> **Material shown**:
══════════════════════════════

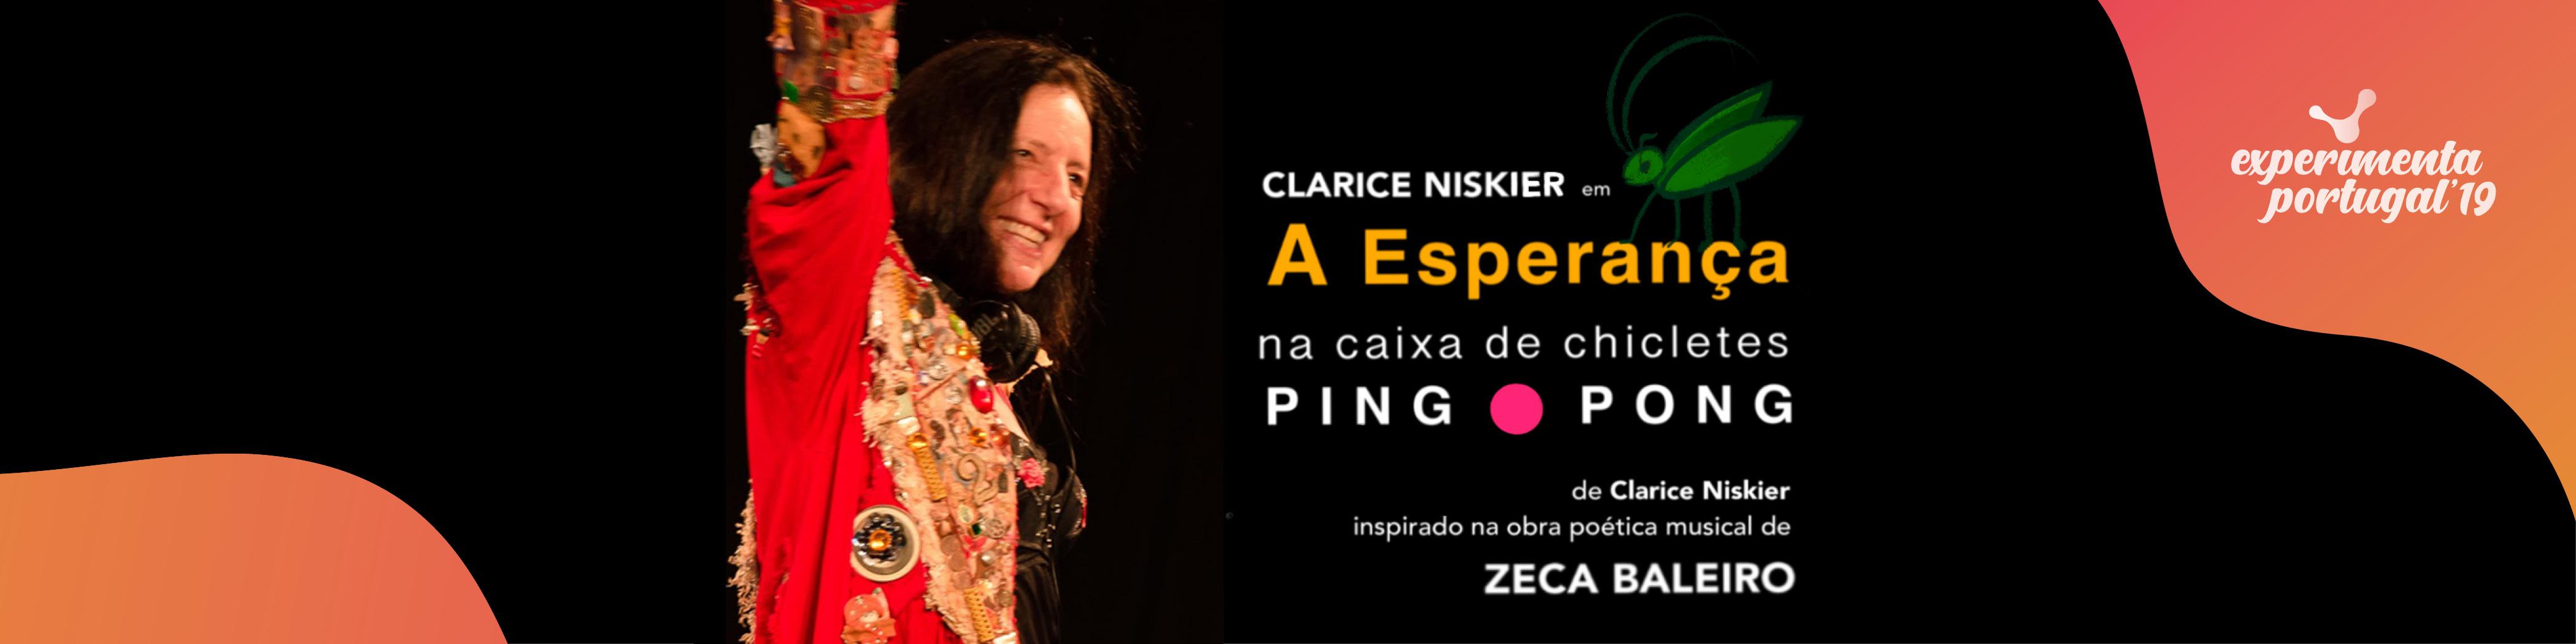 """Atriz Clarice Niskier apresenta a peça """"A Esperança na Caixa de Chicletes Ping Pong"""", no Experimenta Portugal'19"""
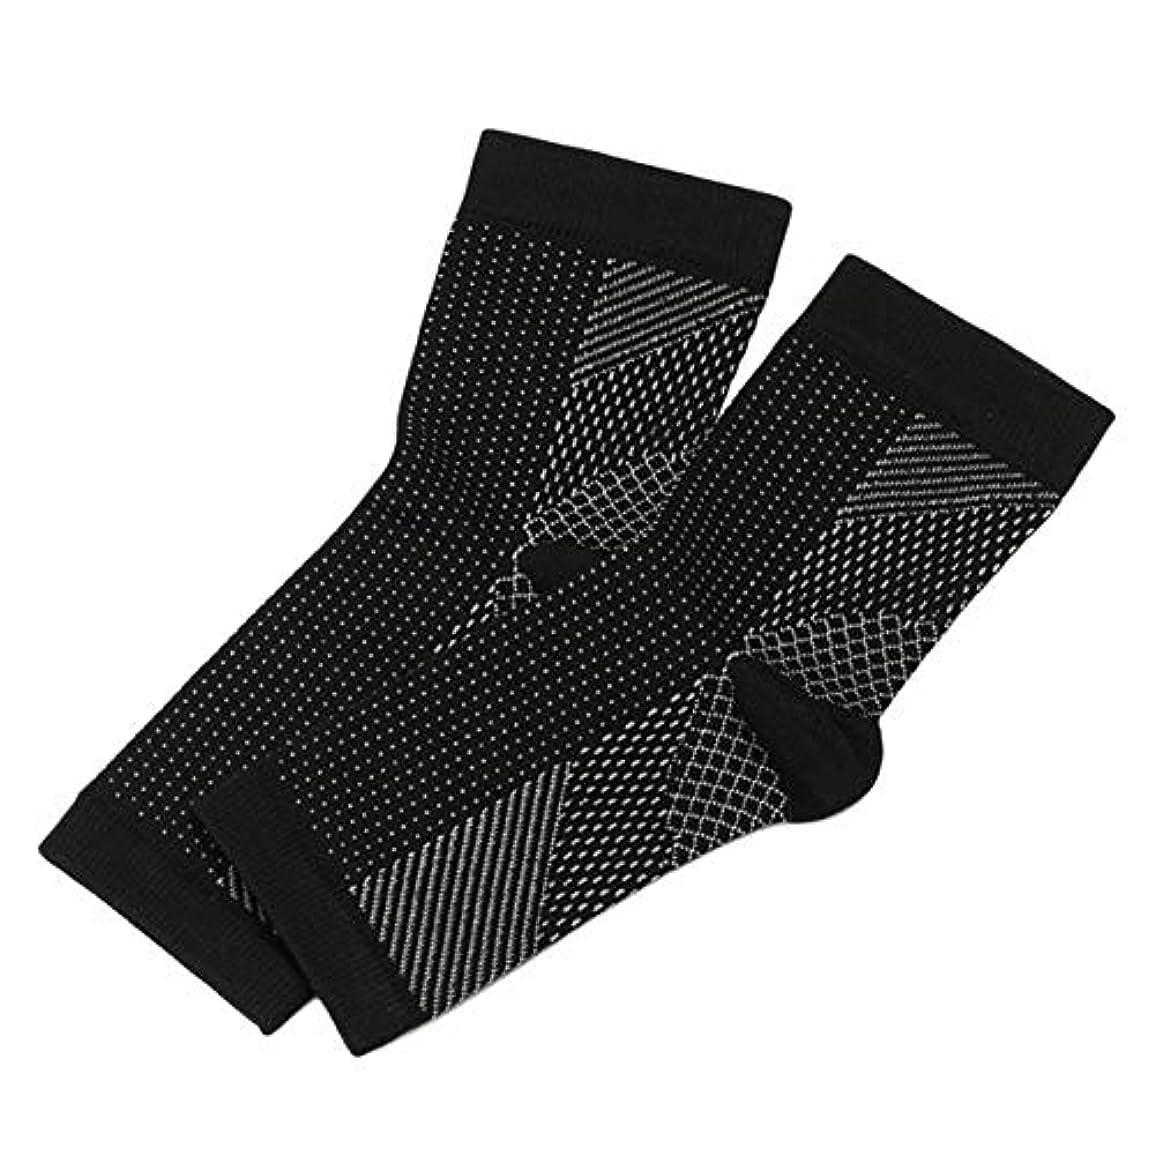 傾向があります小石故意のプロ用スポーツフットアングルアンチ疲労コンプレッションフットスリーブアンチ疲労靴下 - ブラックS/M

══════════════════════════════

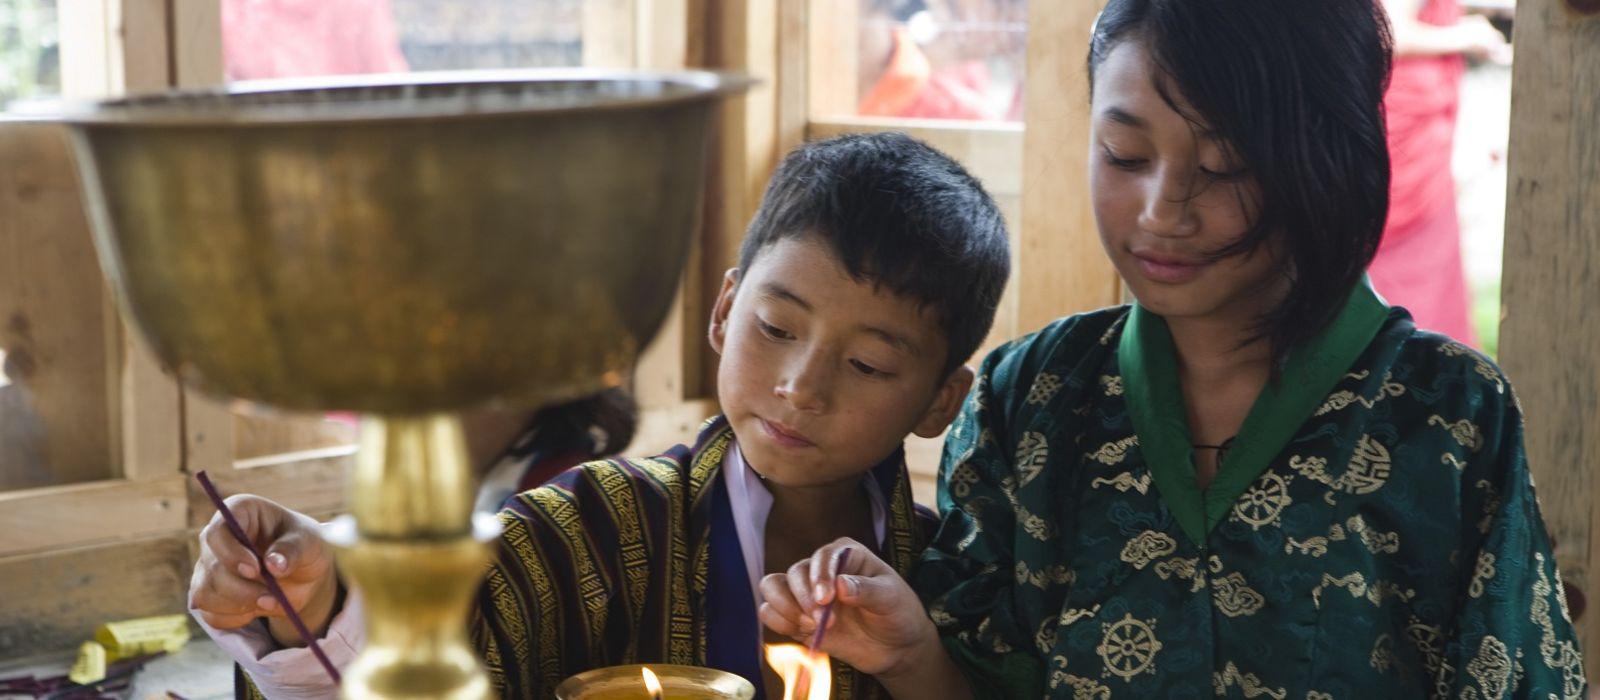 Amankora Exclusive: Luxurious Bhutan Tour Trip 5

══════════════════════════════

Every line above from the one with "Clarice Niskier apresenta" down to the one with "傾向があります小石故意のプロ用スポーツフットアングルアンチ疲労コンプレッションフットスリーブアンチ疲労靴下 - ブラックS/M" must be written out exactly, and no picture may appear.

> **Answer box**:
 """Atriz Clarice Niskier apresenta a peça """"A Esperança na Caixa de Chicletes Ping Pong"""", no Experimenta Portugal'19"""
 傾向があります小石故意のプロ用スポーツフットアングルアンチ疲労コンプレッションフットスリーブアンチ疲労靴下 - ブラックS/M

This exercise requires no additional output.